= Paul R. Jones =

American activist (1928–2010)

Paul Raymond Jones (June 1, 1928 – January 26, 2010) was an American collector of African American art.

Jones, one of five children of Will and Ella Jones, grew up in Muscoda, a Tennessee Coal, Iron and Railroad Company mining camp near Bessemer, Alabama. After his mother formed a favorable impression of Northern schools while visiting the 1939 New York World's Fair, he was sent off to continue his education there. He returned to Alabama during high school and attended Alabama State University on scholarship. He was elected president of his freshman class and played on the Bulldogs football team. After two years he decided to pursue the study of law. He transferred to Howard University in Washington D. C. to complete his undergraduate studies. His application to the University of Alabama Law School in 1949 was officially discouraged on the basis of race. He completed a year of graduate work at Howard before returning to Bessemer.

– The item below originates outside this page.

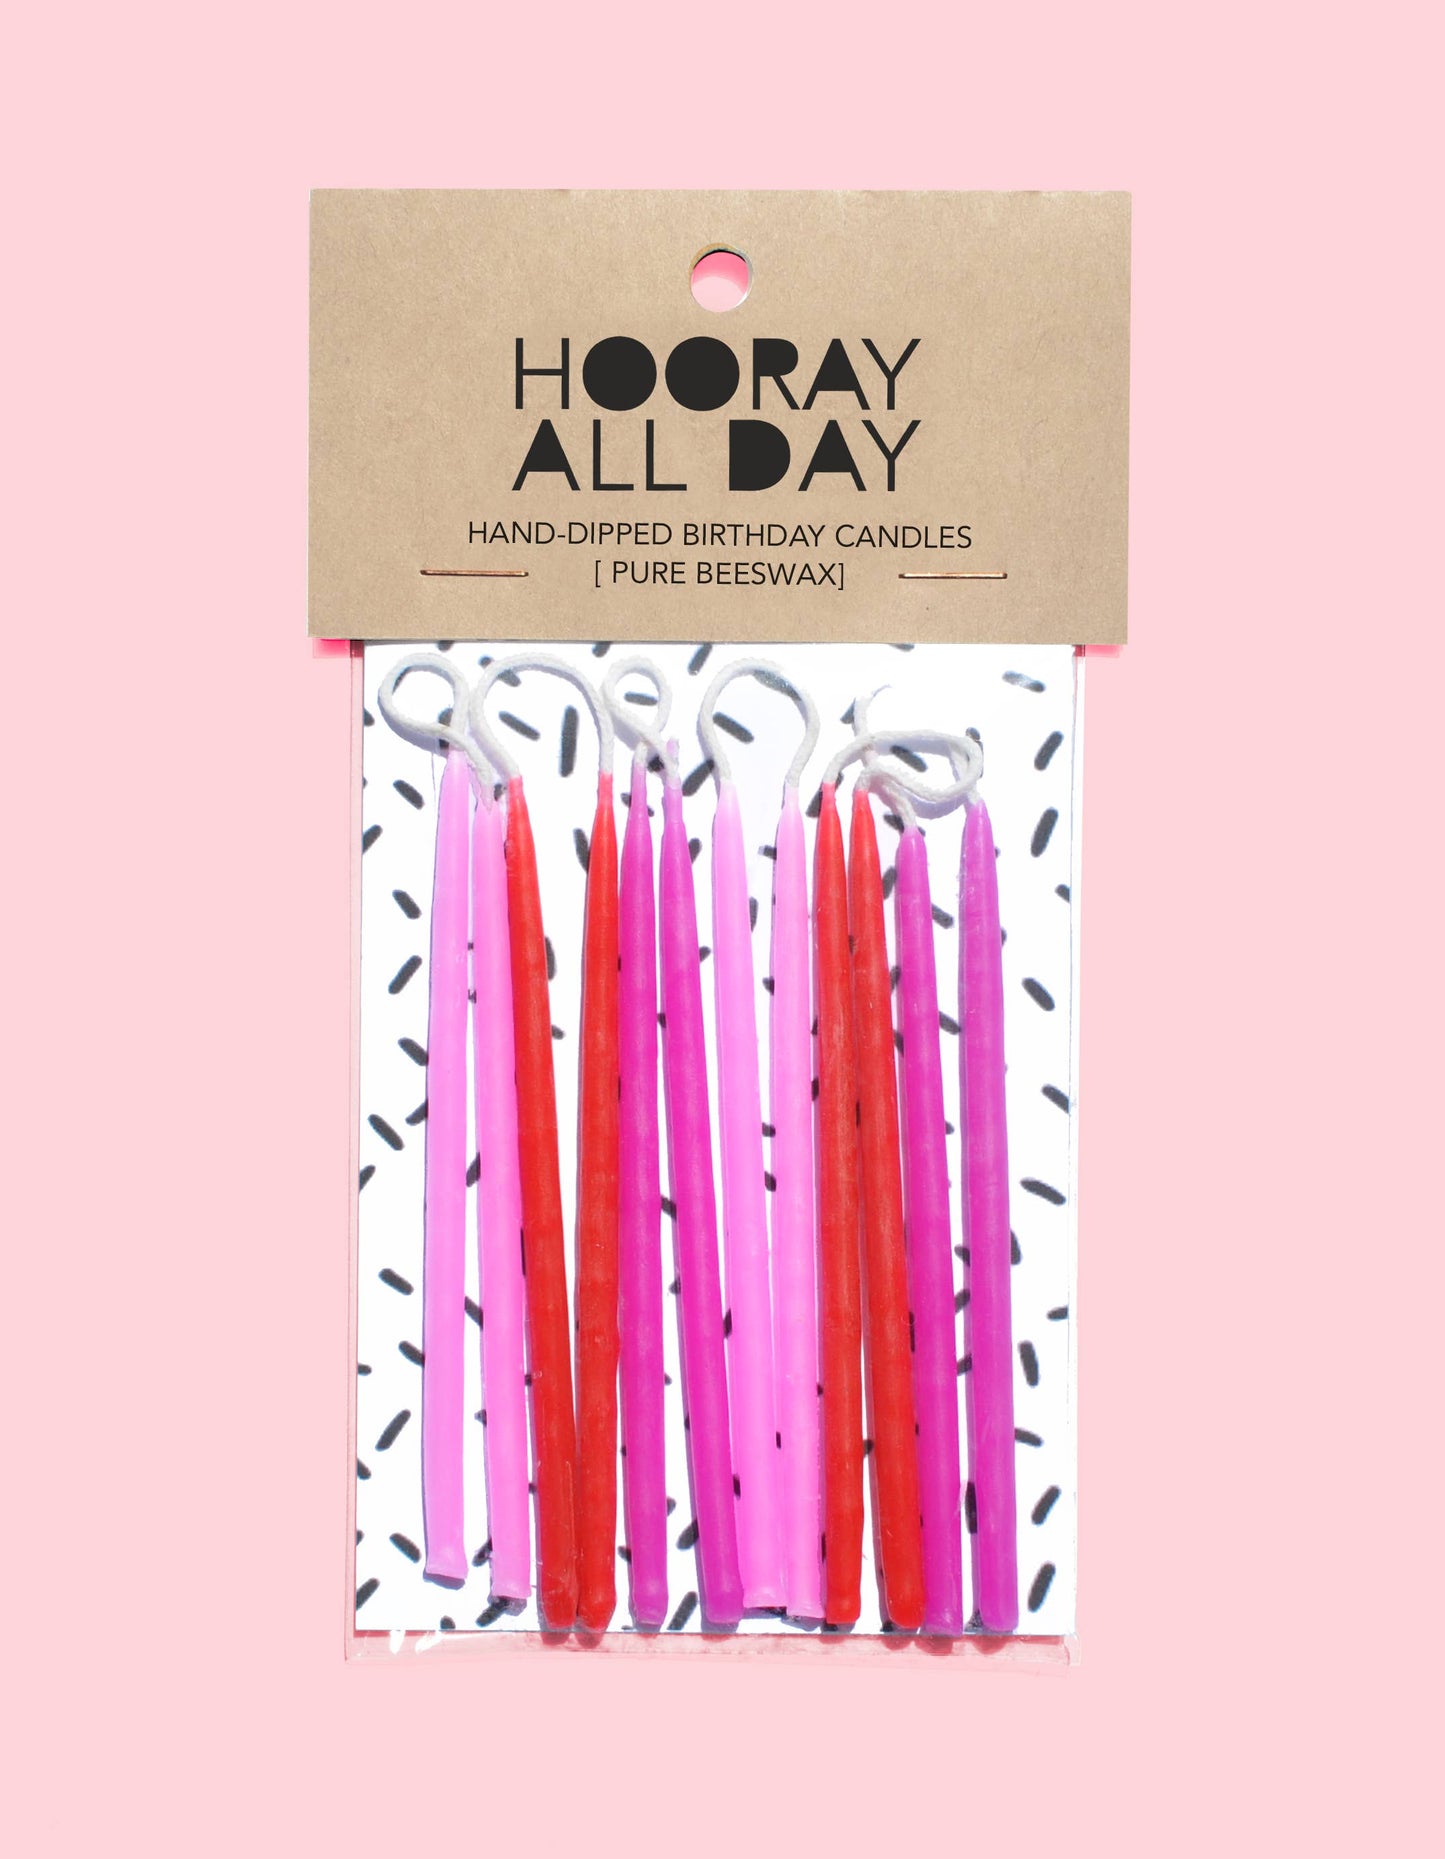 100% Beeswax Hand-Dipped Birthday Candles: Blues

In the 1960s, Jones was part of the "Birmingham Interracial Committee" of the "Jefferson County Coordinating Council for Social Forces" and later worked for the United States Department of Justice on Civil Rights issues and later the Department of Housing and Urban Development, where he was recognized for his work on the Model Cities Program. He also served as deputy director of the Peace Corps in Thailand.

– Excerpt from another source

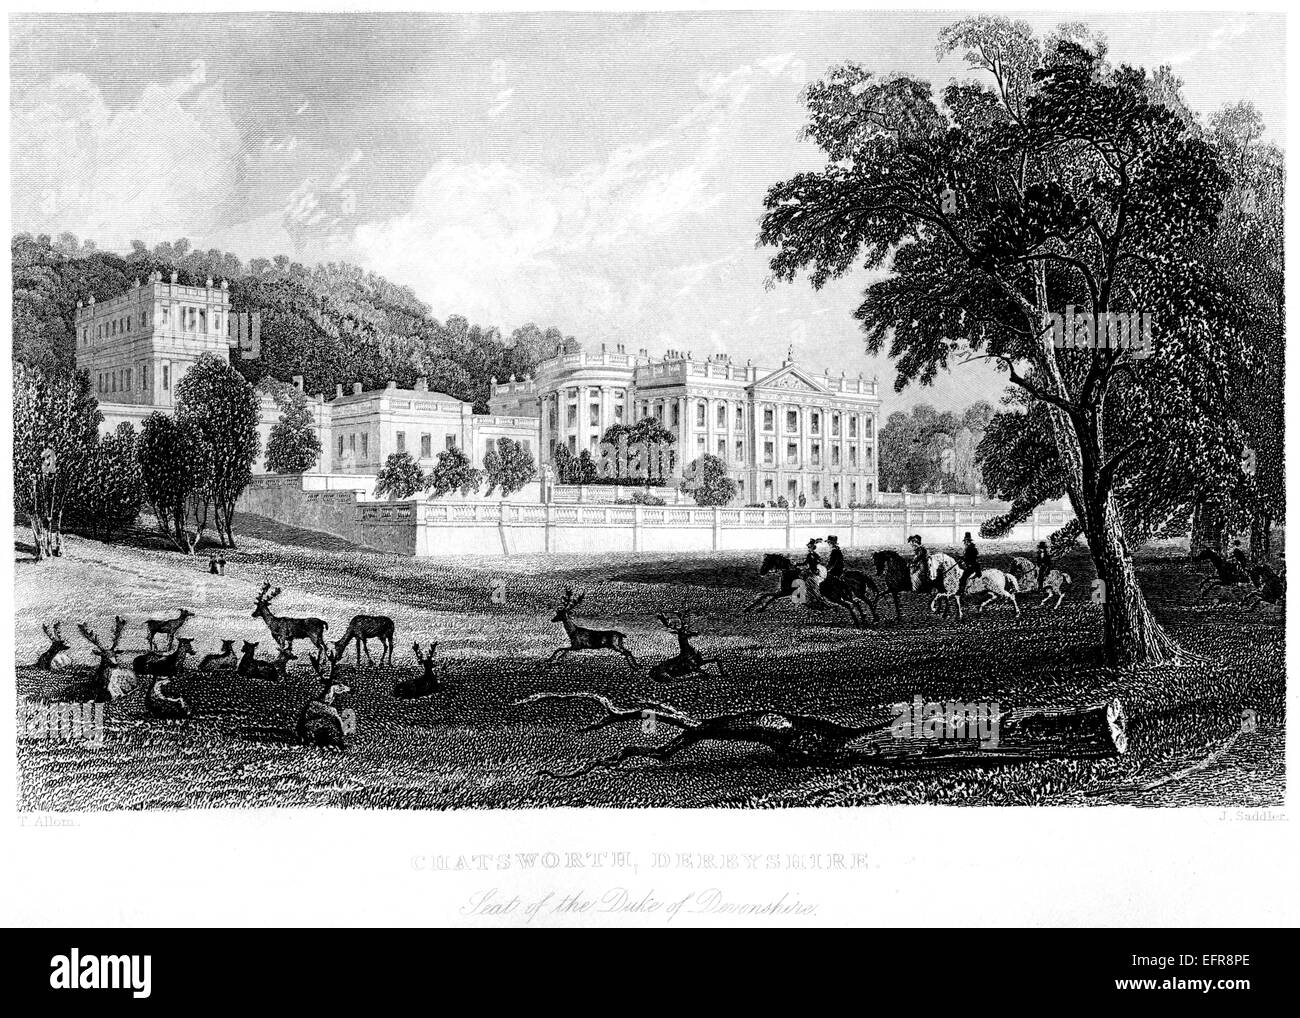 Engraving of Chatsworth, Derbyshire - Seat of the Duke of Devonshire scanned at high resolution from a book printed in 1845. Believed copyright free. Stock Photo

In the early 1960s, Jones was inspired by the annual African-American art shows organized by Hale Woodruff at Atlanta University. He began collecting works by African-American artists, often befriending the younger artists from whom he purchased works. He hosted receptions at his home to encourage colleagues to purchase art and put pressure on galleries and museums to recognize African-American artwork.

Jones eventually amassed an important collection with over 2,000 pieces. A selection of his collection made its public debut in a 1993 exhibition at the University of Delaware. In 2001 Jones donated hundreds of the more valuable works to that University with several stipulations for how the school should leverage it to provide more opportunities for black students and art professionals. In 2008 he donated most of his remaining collection, 1,700 works, to the University of Alabama.

Jones, who lived in Atlanta, died in January 2010. He was survived by a son.